SEC counsel anticipates fierce debate on reform of securities litigation.

WASHINGTON -- The Securities and Exchange Commission sees a rough legislative debate ahead on securities litigation reform, and issues such as who pays attorneys' fees and apportionment of liability "could be explosive," according to a commission paper prepared for a conference next month.

Securities litigation reform is a top priority of House Republicans, who have circulated draft legislation to change the federal civil justice system as part of their 100-day agenda. The draft bill would make it harder for investors to file securities lawsuits.

The new focus on litigation reform comes after years of vociferous debate and congressional inaction, said George Kramer, special counsel in the SEC's office of the general counsel, in a paper to be presented Jan. 26 at the 22d annual securities regulation institute in Coronado, Calif.

"Even if there is widespread support for reform there could be many fights, even among the proponents of reform, as to the content of that legislation," he said in the paper.

While the commission is not predicting the outcome, it is hopeful that the tone and substance of the debate may change in the next Congress, Kramer said.

"Strident and cathartic assertions have already been ventilated, and all sides have had reason to reflect on some of their assertions and beliefs," especially in light of SEC chairman Arthur Levitt's call last July at a House hearing for all parties to "stop shouting at one another," Kramer said.

The draft House legislation, whose provisions on private securities litigation are based on proposals by Rep. Christopher Cox, R-Calif., does not address civil aiding and abetting liability or the time period in which investors can file lawsuits under antifraud provisions of securities law. However, recent Supreme Court decisions probably will prompt some legislative debate in these areas, Kramer said.
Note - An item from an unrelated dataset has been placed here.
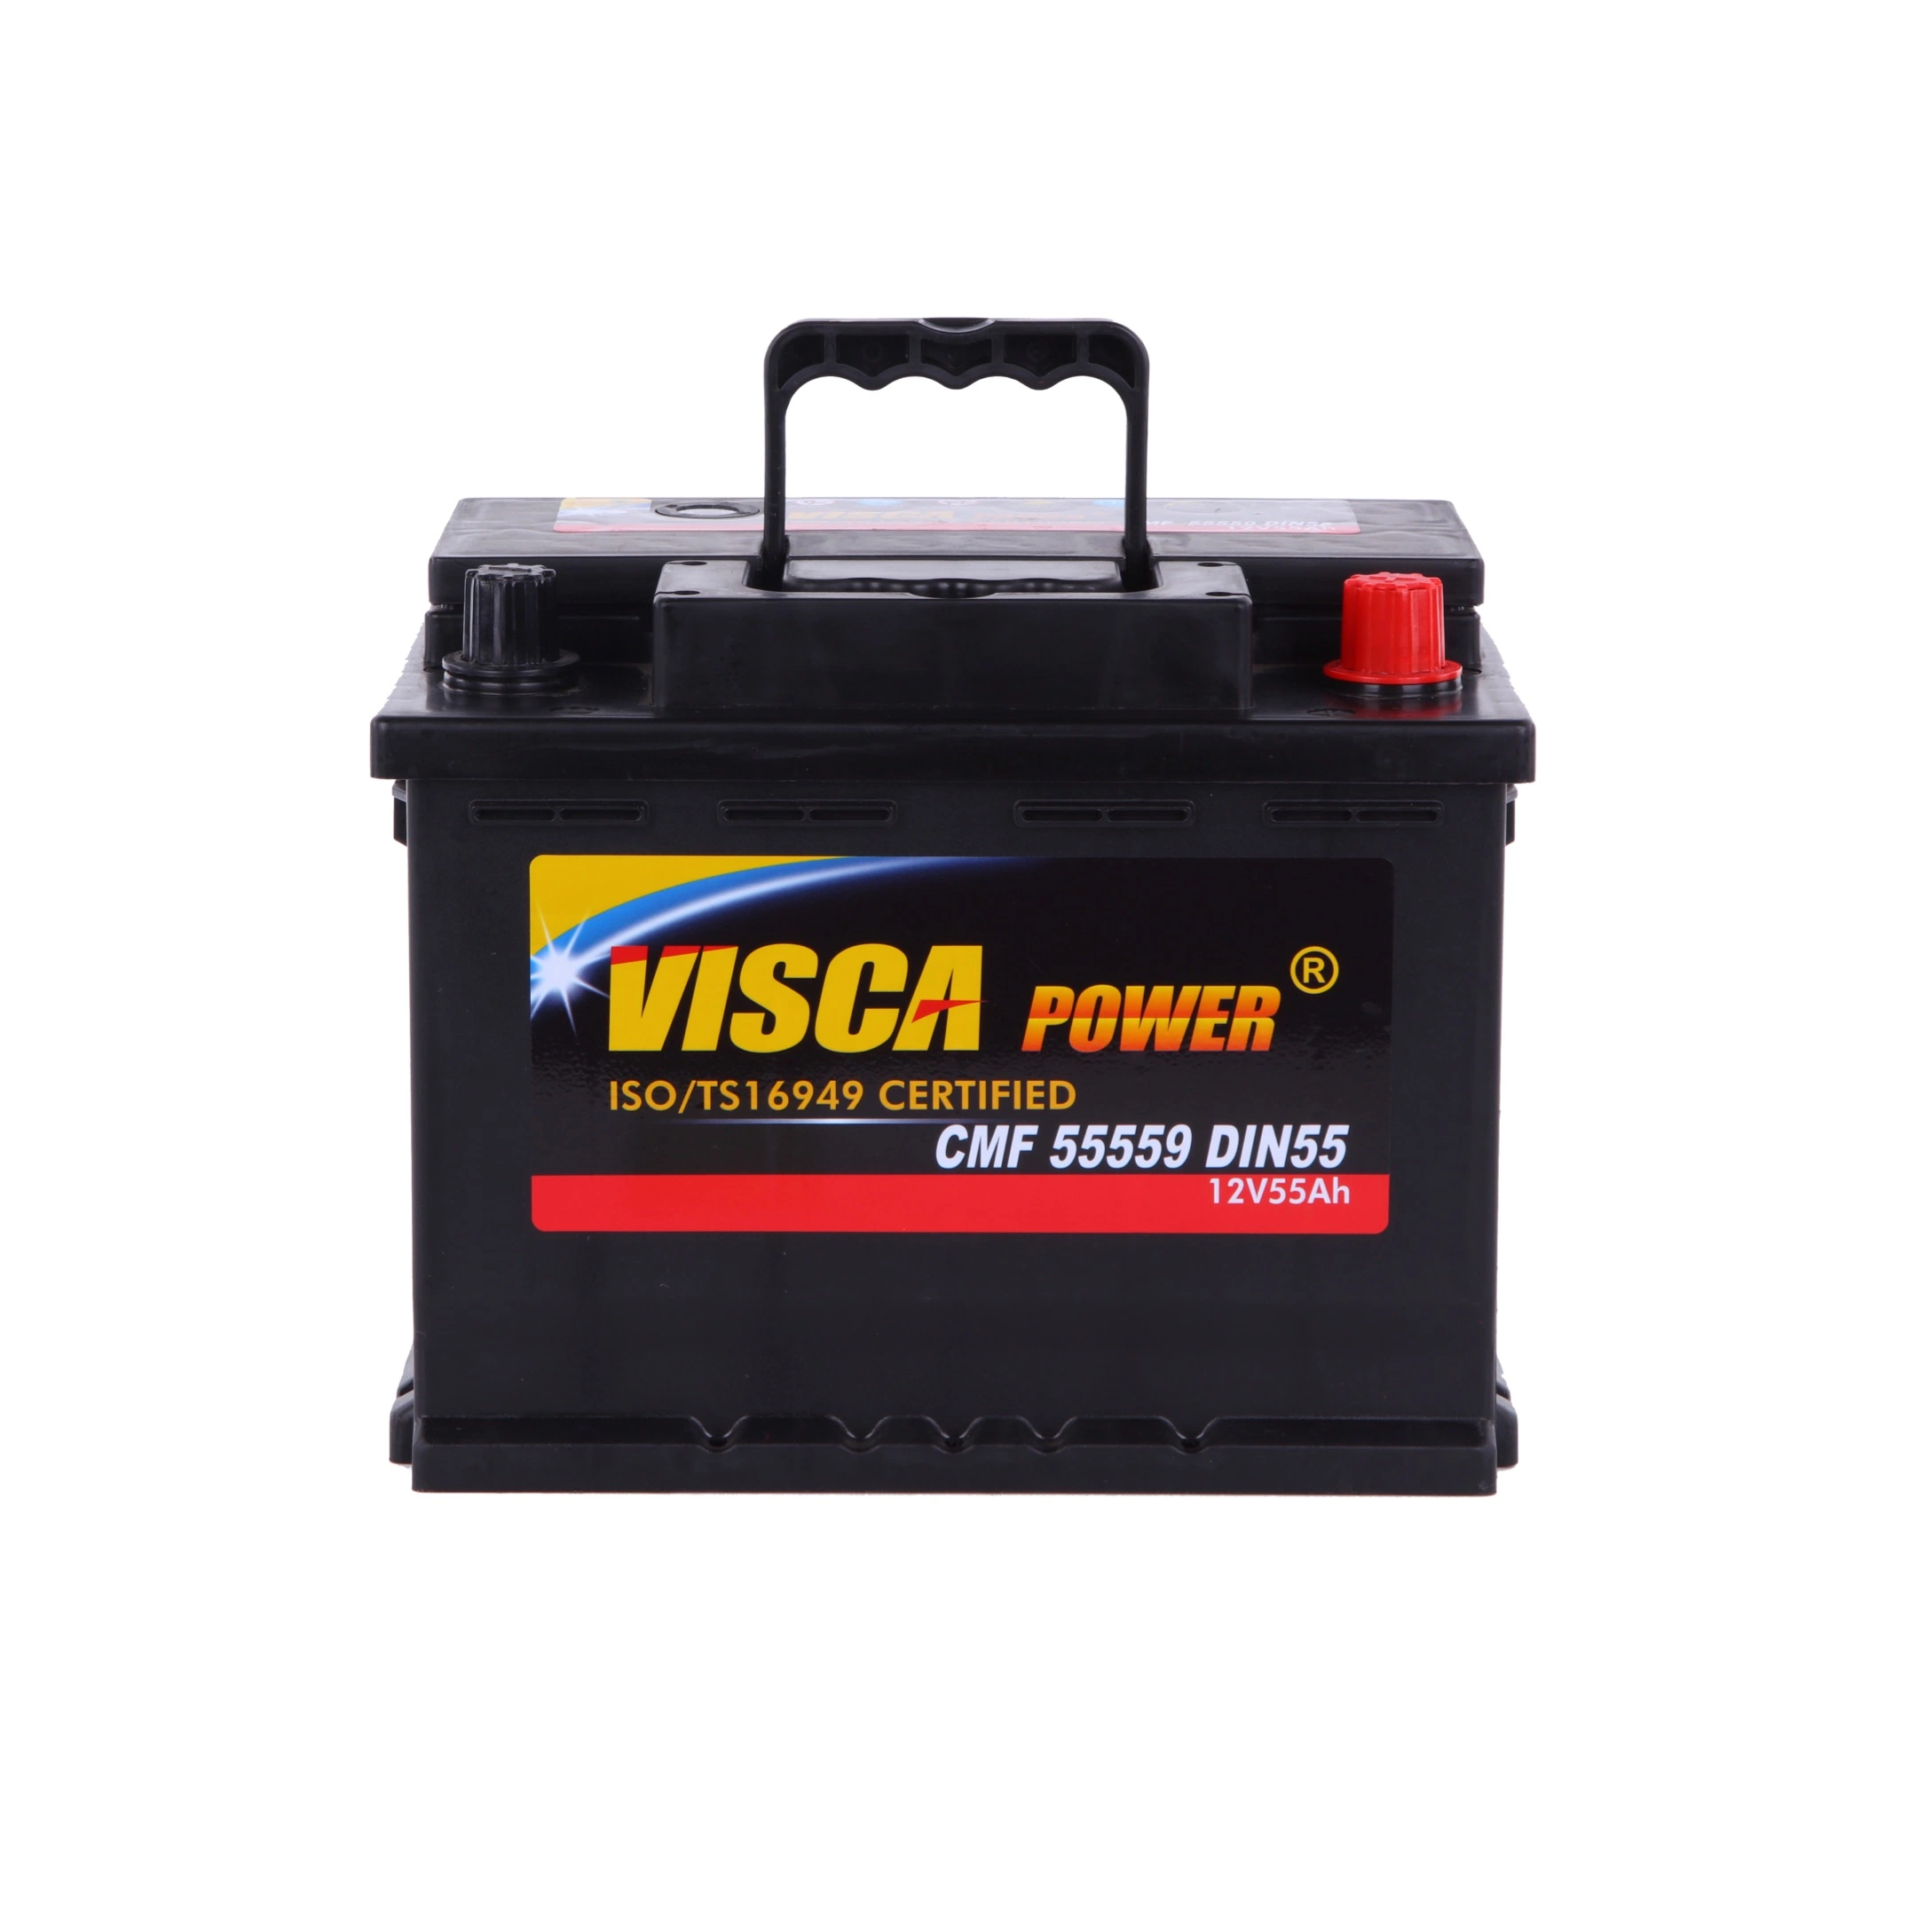 Wartungsfreie Autobatterie 55559 12V 55ah (MF DIN55) Visca Power Sealed Bleiakku Factory Supply

In a ruling last April in Central Bank of Denver v. First Interstate Bank of Denver, the high court held that aiders and abettors of securities fraud have no private civil liability under securities law.

The decision did not directly address whether the SEC can continue to bring action against aiders and abettors, but the commission has said it would rather have Congress make that determination than rely on future court precedents.

Any legislative attempt to restore aiding and abetting liability probably will have to resolve the issue of how much knowledge about the fraud would make an alleged offender liable, Kramer said.

Another Supreme Court ruling, issued in 1991 in Lampf v. Gilbertson, effectively shortened the statute of limitations in securities fraud cases to three years, and the court applied the decision retroactively. Congress enacted a law removing the retroactive application, and it may renew debate next year on whether to lengthen the statute of limitations.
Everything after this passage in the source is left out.